You could always go to my house. I never seem to get caught up on things. Though I know it would be a thousand mile drive. (I use to live in Perkasie, Pa) But your more than welcome to enjoy a Georgia winter day!


----------



## cow whisperer (May 3, 2007)

Ninn, I'm right there with ya.... Since we moved to a smaller place with no kids, I have nothing to do....
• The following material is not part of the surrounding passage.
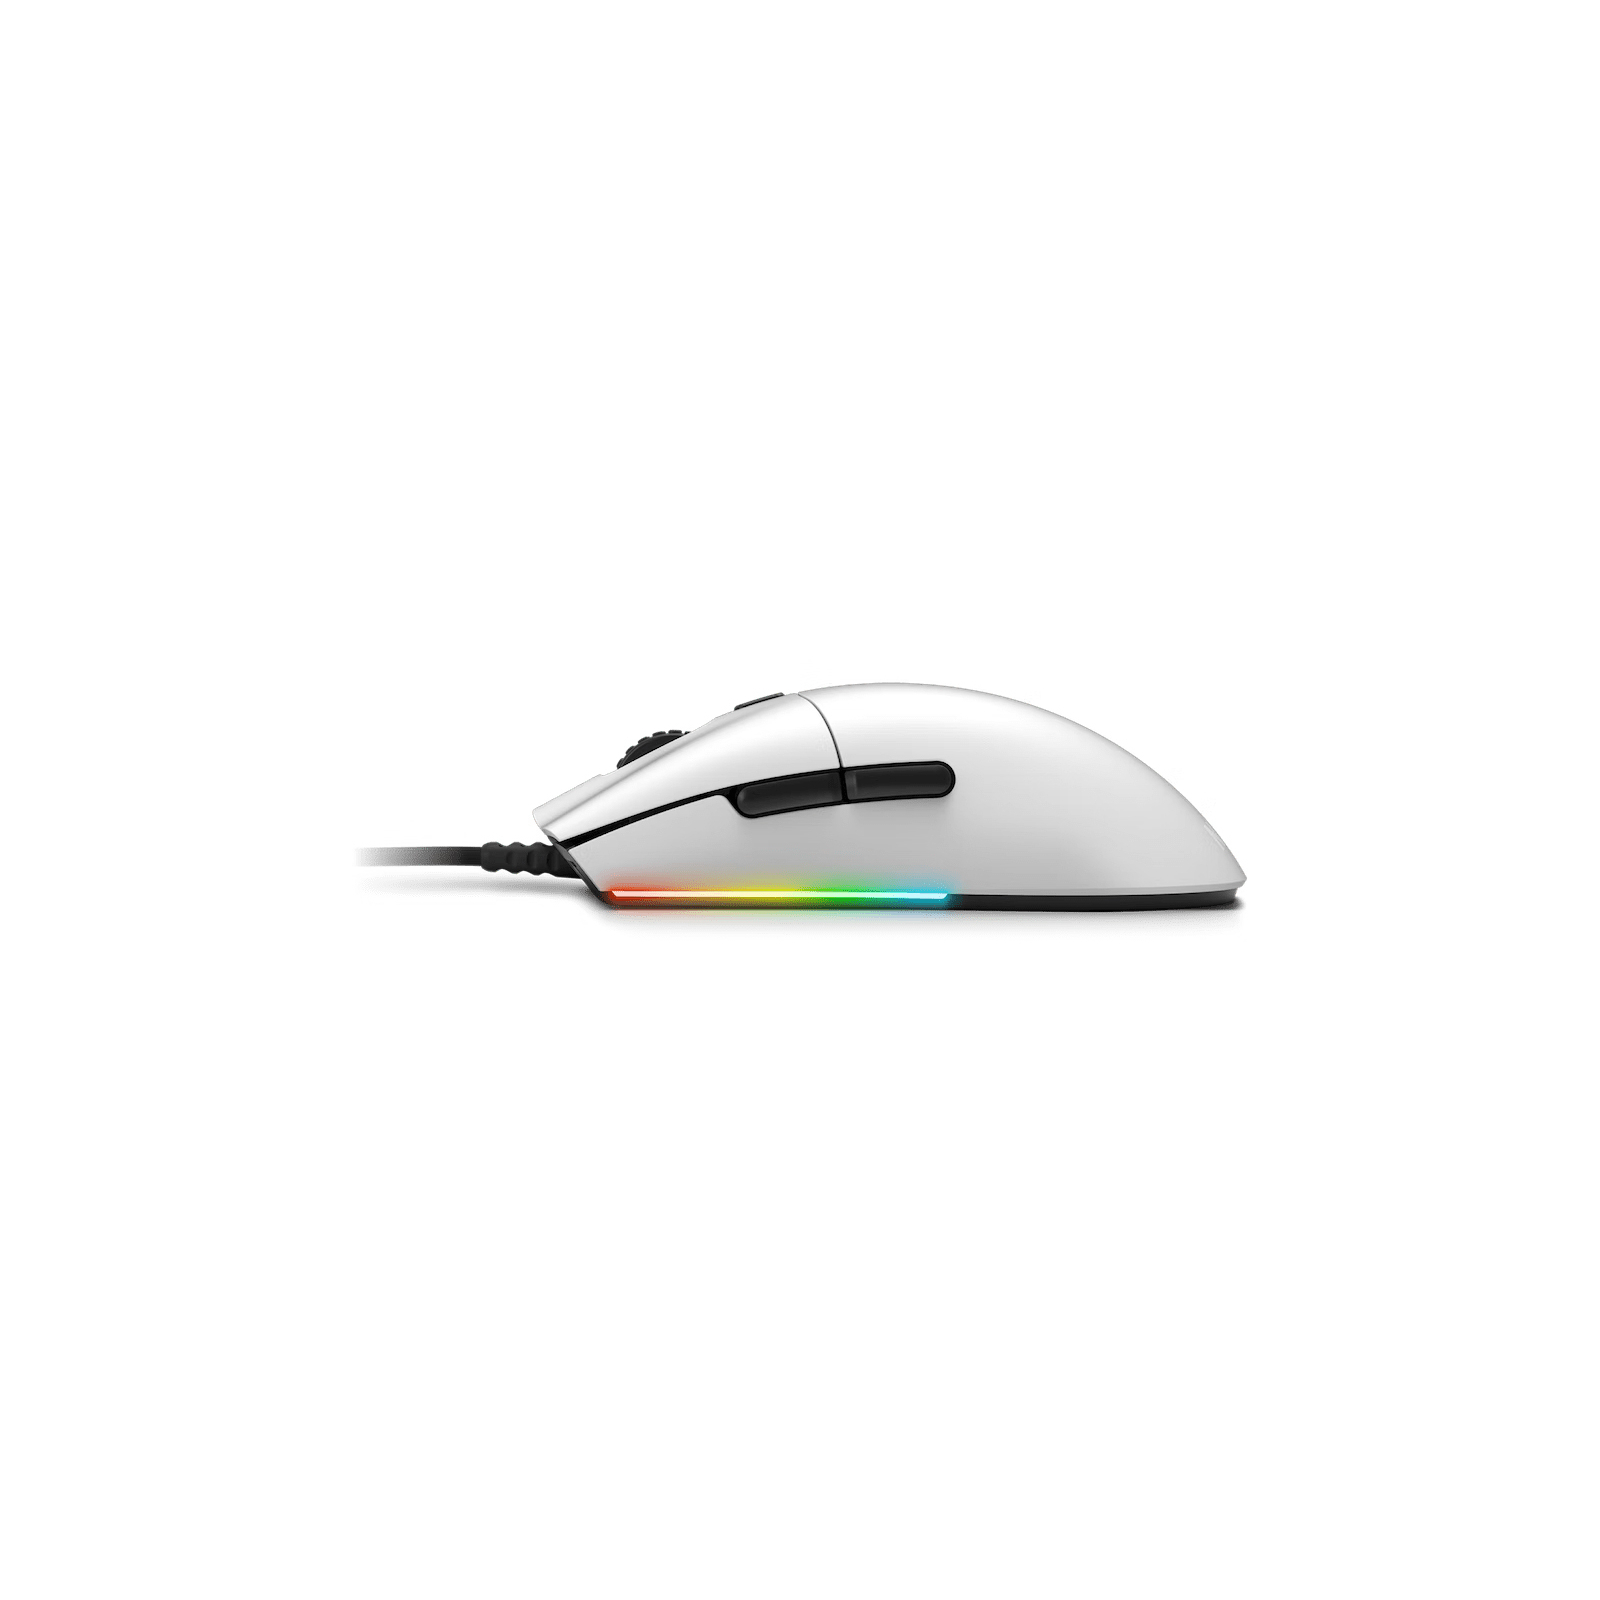 Мышка NZXT LIFT Wired Mouse Ambidextrous USB White (MS-1WRAX-WM) изображение 5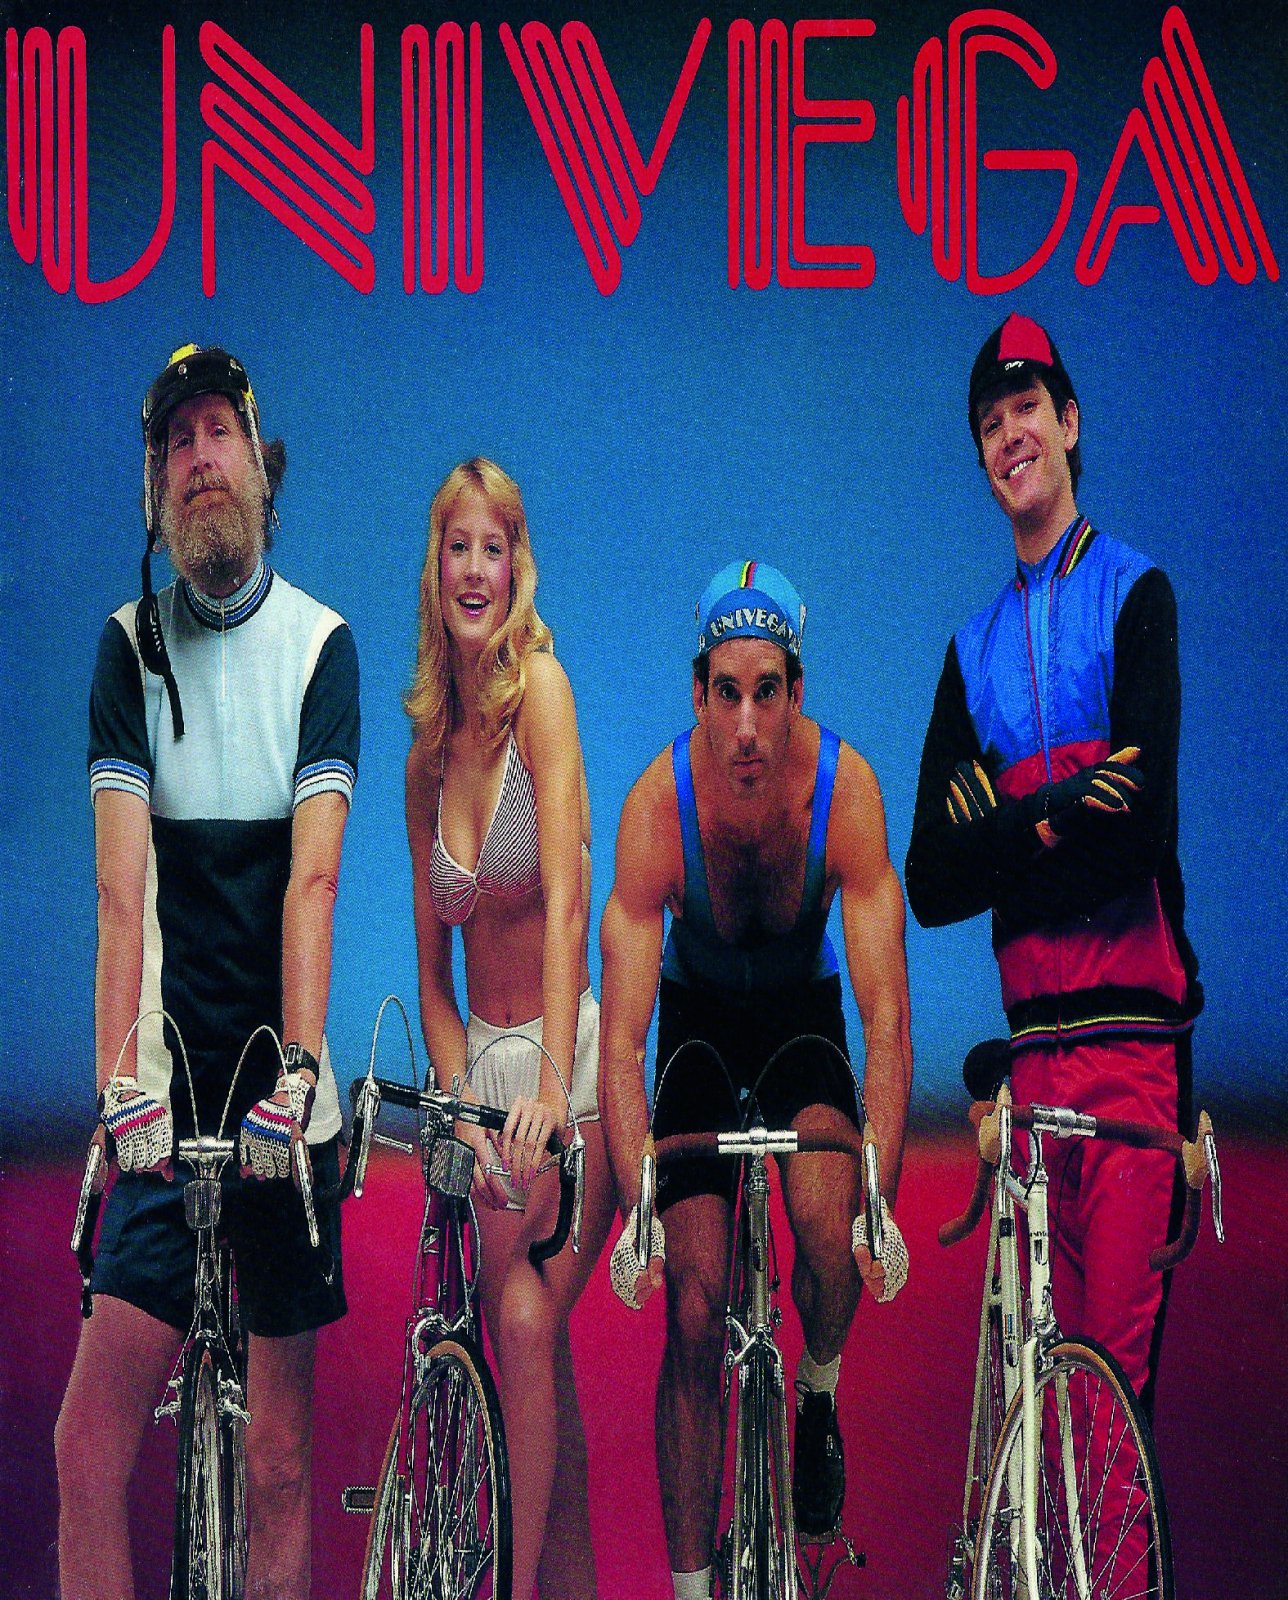 Univega-Katalog-1984-Titel.jpg

Yesterday I completely emptied out my fridge & tore apart my oven & scrubbed them.... Today I emptied out the kitchen freezer, wiped it out, & organized everything.... then I emptied out my cabinets & reorganized all my food in there.... I am saving the vacuuming, so I have something to do later.... LOL....


----------



## sewsilly (May 16, 2004)

Uhm,,, yes... You can get down here and help me get ready for a huge Thanksgiving crowd!

goodness...

dawn


----------



## mammabooh (Sep 1, 2004)

Ninn and cow whisperer...I see that you are both in PA. I'm right next door in Ohio and have plenty of work to keep both of you busy for many a week. I'll even let you throw out stuff that you deem unnecessary.

When can I expect you?


----------



## Ninn (Oct 28, 2006)

Mammabooh~

I'd be delighted to come down and do the trash bag drag with you this spring! Wanna make solid plans? I have no emotional attachments to anything you own, so be warned. If you don't love it or haven't used it in 6 weeks, OUT IT GOES!! My older son will need to be back over there for the birth of his child, so I'll likely be going with him. Pm me and we'll set something up.

I've managed to find a few projects to keep me busy for a couple of days, as that son is moving back home on Tuesday. (girlfriend is in the nuthouse....jeeez!) So, I'm cleaning out his brother's room and closet for him, so he has a place to sleep other than my sofa.


----------